Knowing You

Knowing You

Just a little taste of what I’ve been working on, inspired by the life of a caretaker.


“I am tired. Fatigued. Emotionally I want to breakdown into deep heaves, gasping for air through salted tears. I want to release all that I’ve been hanging on to. But I don’t.

The sun is shaded by the eves, where I sit two chaired (sitting in one chair and feet on another), feeling the need to rest. The need to escape from the emotional reality that stares at me from the other side of the window pane. She’s gaped forward reading, the way she always does before the words lull her to sleep, letting her heavy head dangle, straining the muscles in her back, neck, and shoulders.

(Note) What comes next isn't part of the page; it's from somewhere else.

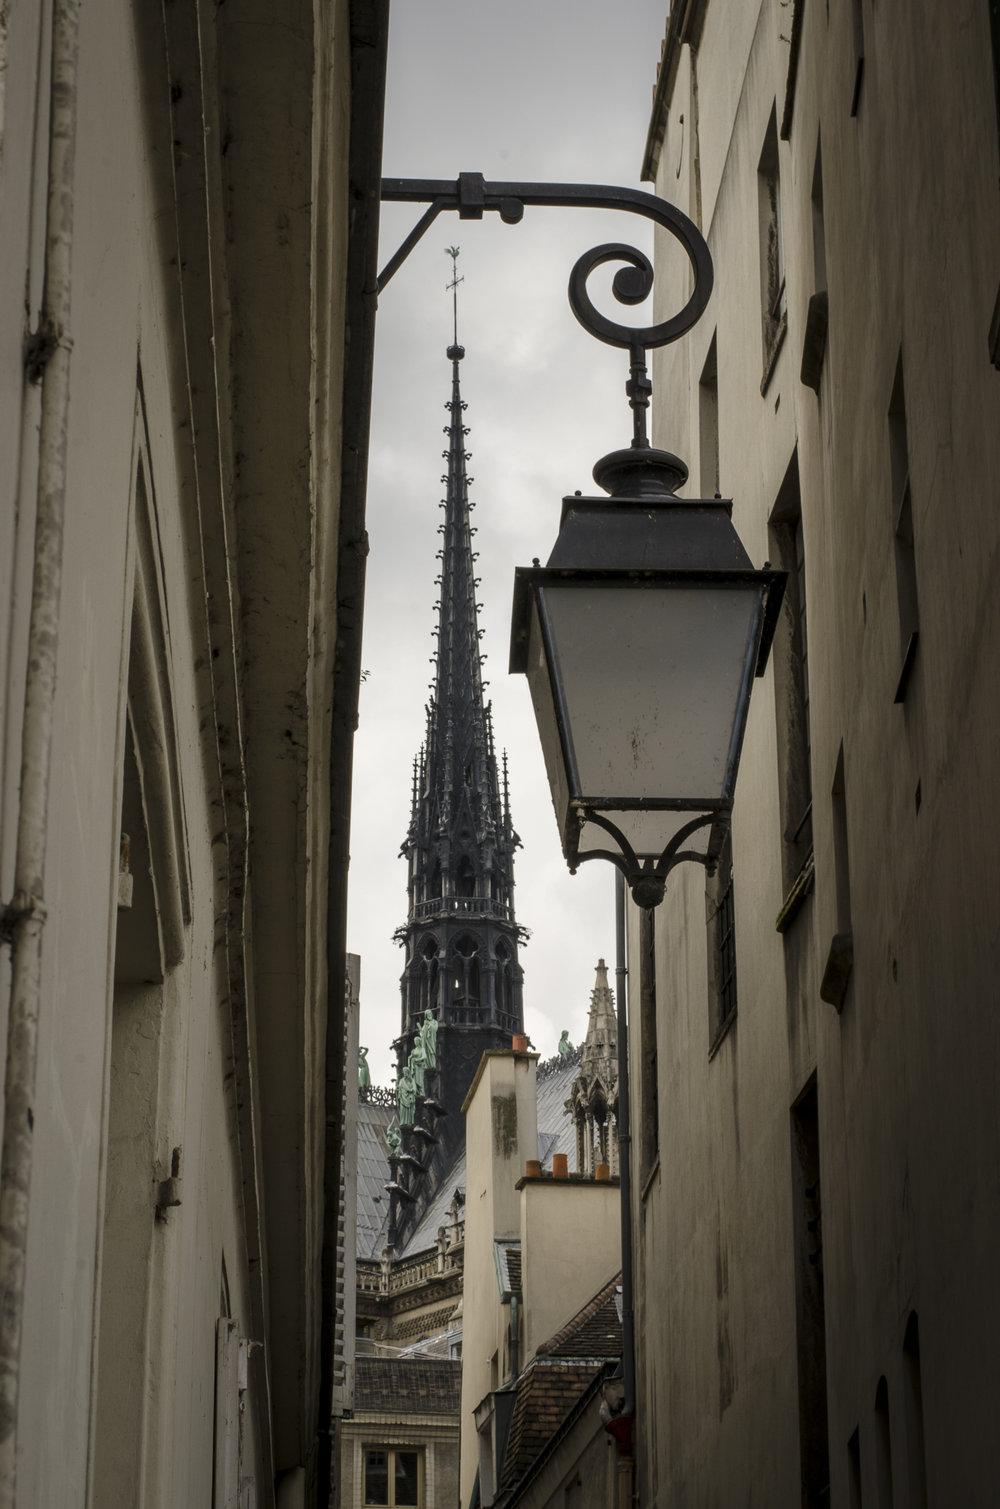 Rue des Chantres  PHOTOGRAPHY : ALEXANDER J.E. BRADLEY •Nikon D7000 • AF-S NIKKOR 50mm f/1.8G • F/16 • 1/60 •ISO 100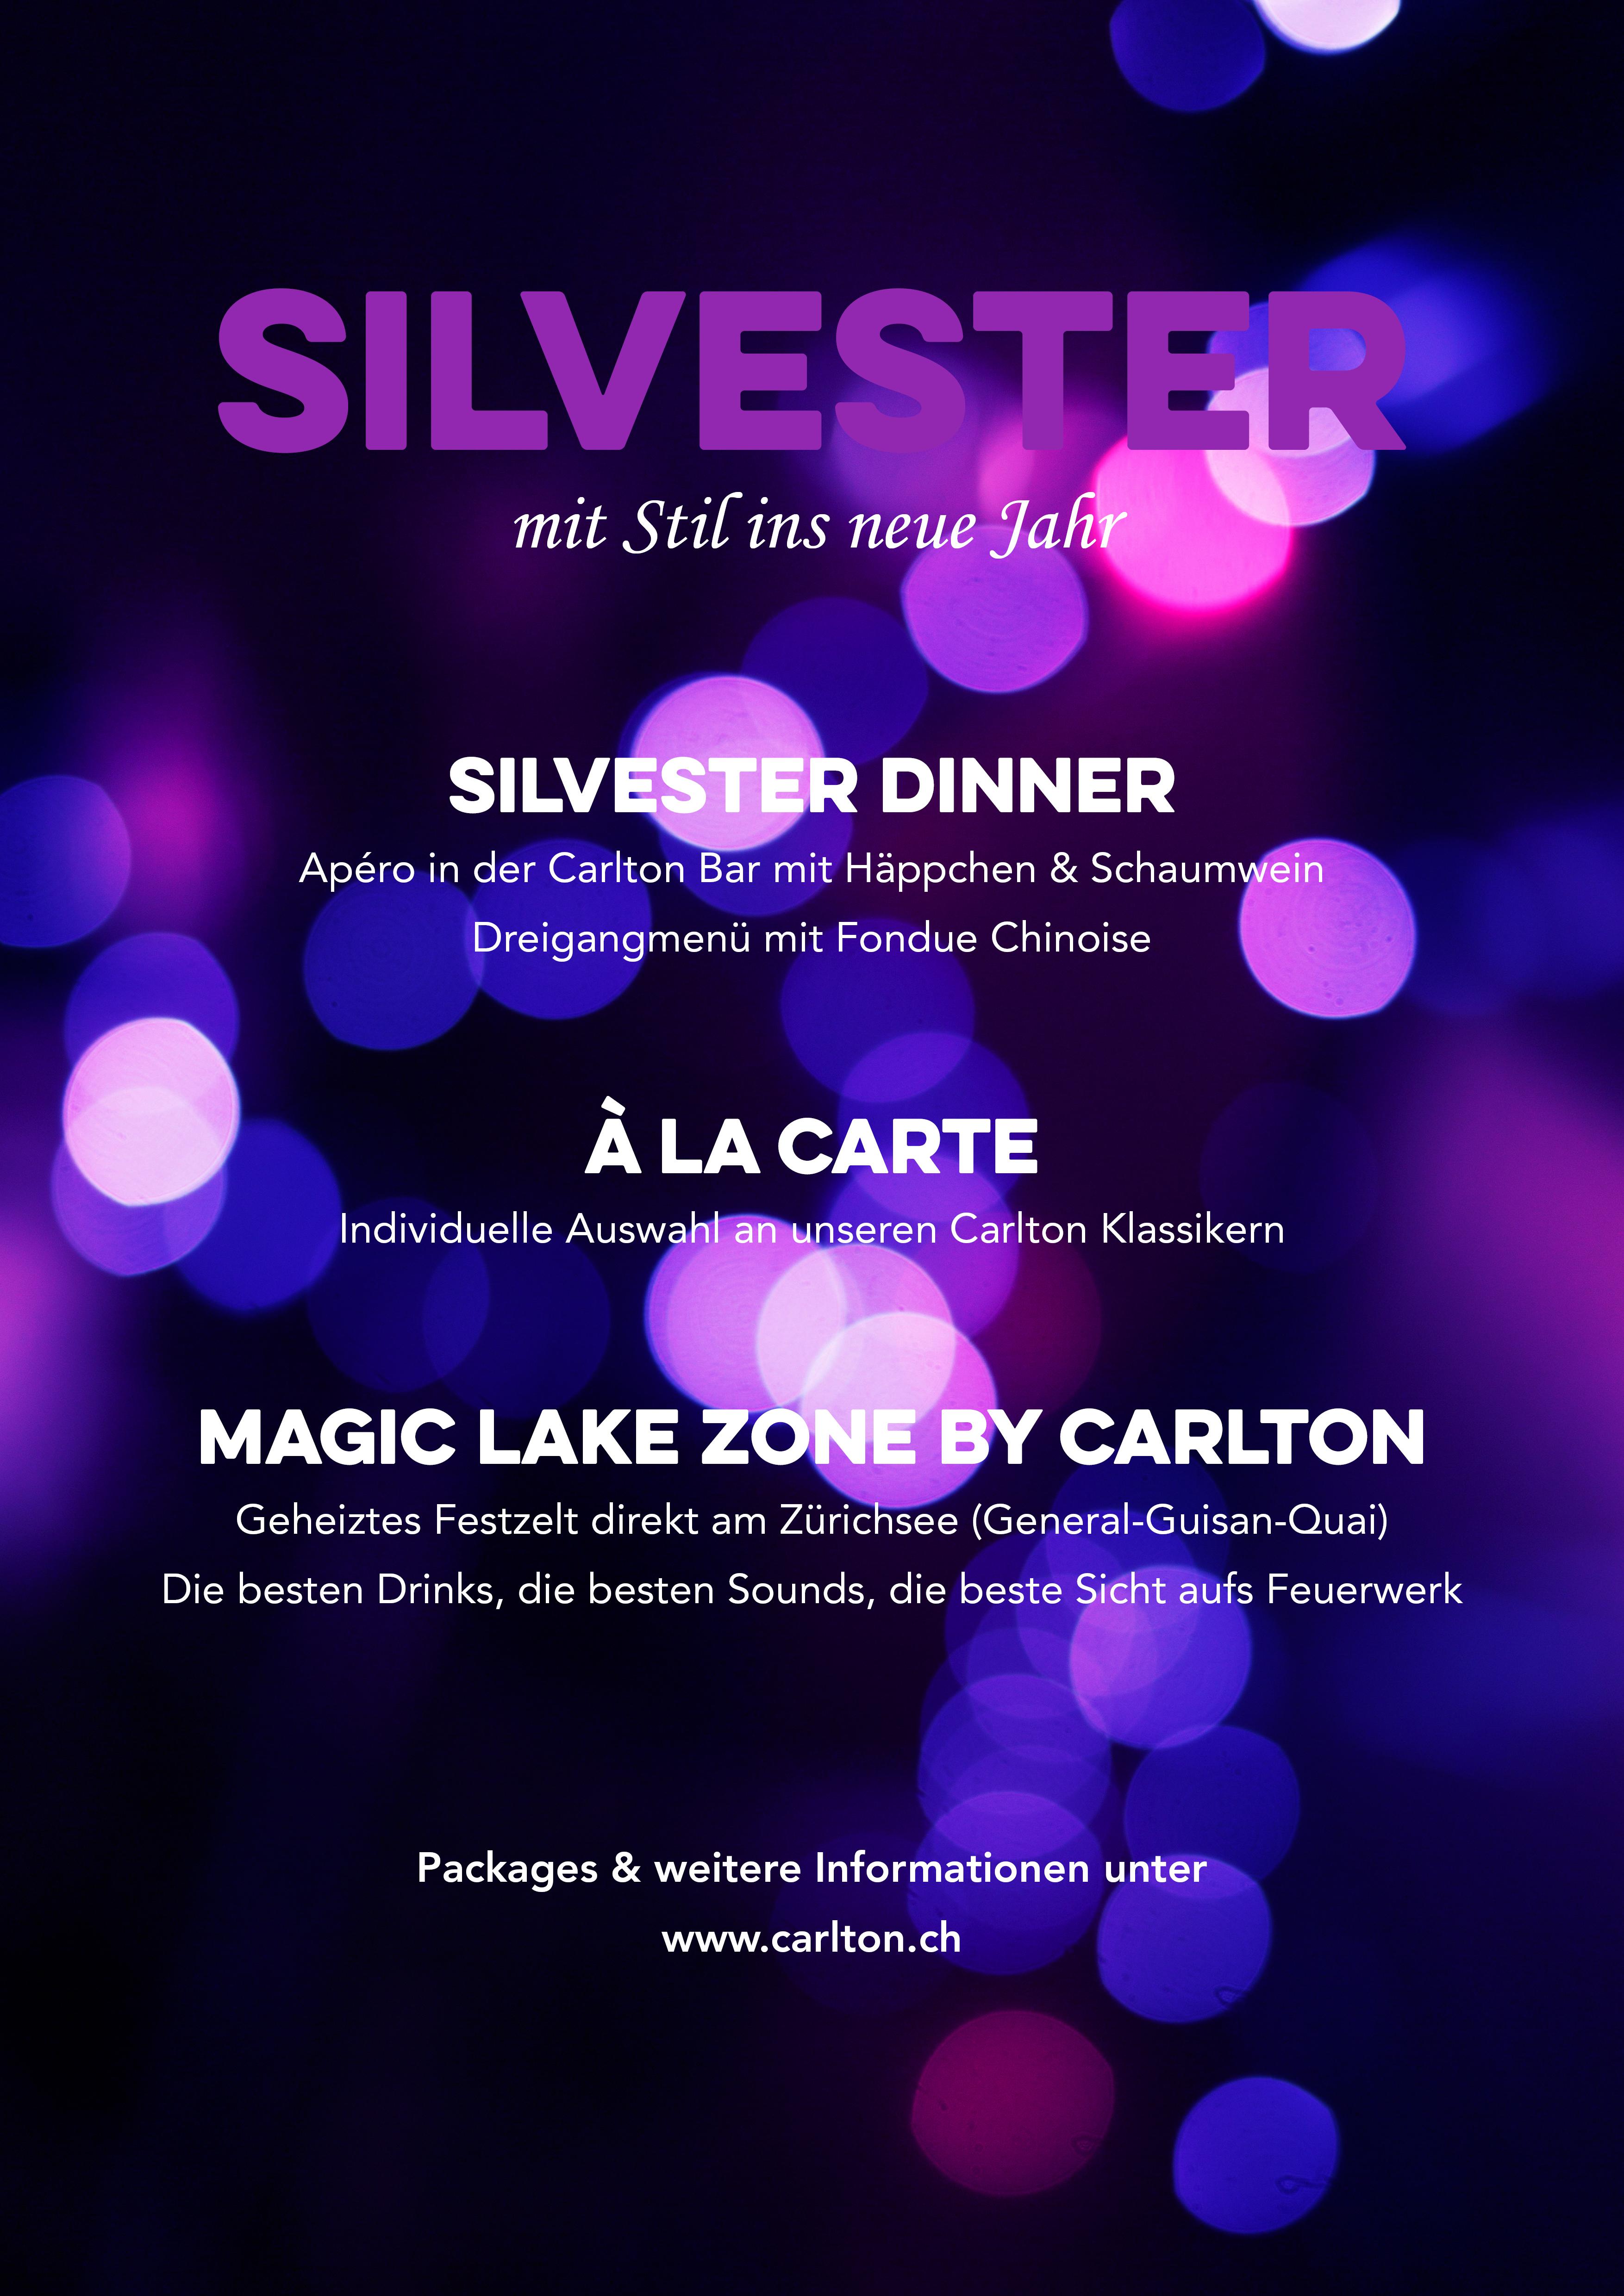 Silvester Dinner im Carlton

In a little while, she will wake, forgetting all that had happened just moments before she picked up the newspaper. She will wander to the bathroom, before incontinence sends her into a plethora of emotions, and face the reality that she is not as young as she once was. She will cry from the exhaustion of simple tasks; standing, sitting, and tugging on her clothes. She will wonder why she can no longer do the things that were so easy to do long ago. She will attempt to look in the mirror, that has grown too high on the wall; when you shrink, the perspective of objects in the room change. She will wonder who the woman is that is staring back at her with the summer sun kissed face, the woman who’s glasses are always “just new,” and the woman who’s white hair seems too long. She will try hard to remember the woman in the mirror, and why she doesn’t understand what’s happening to her. The tears will continue to fall and her lungs will gasp for air as she slowly becomes a basket case, just moments before she loses it completely, just moments before I hug her and reassure her that she is in her own home, and minutes before she wonders why she’s crying at all.”

Becker, T. J. (2018). Knowing You. Unpublished manuscript.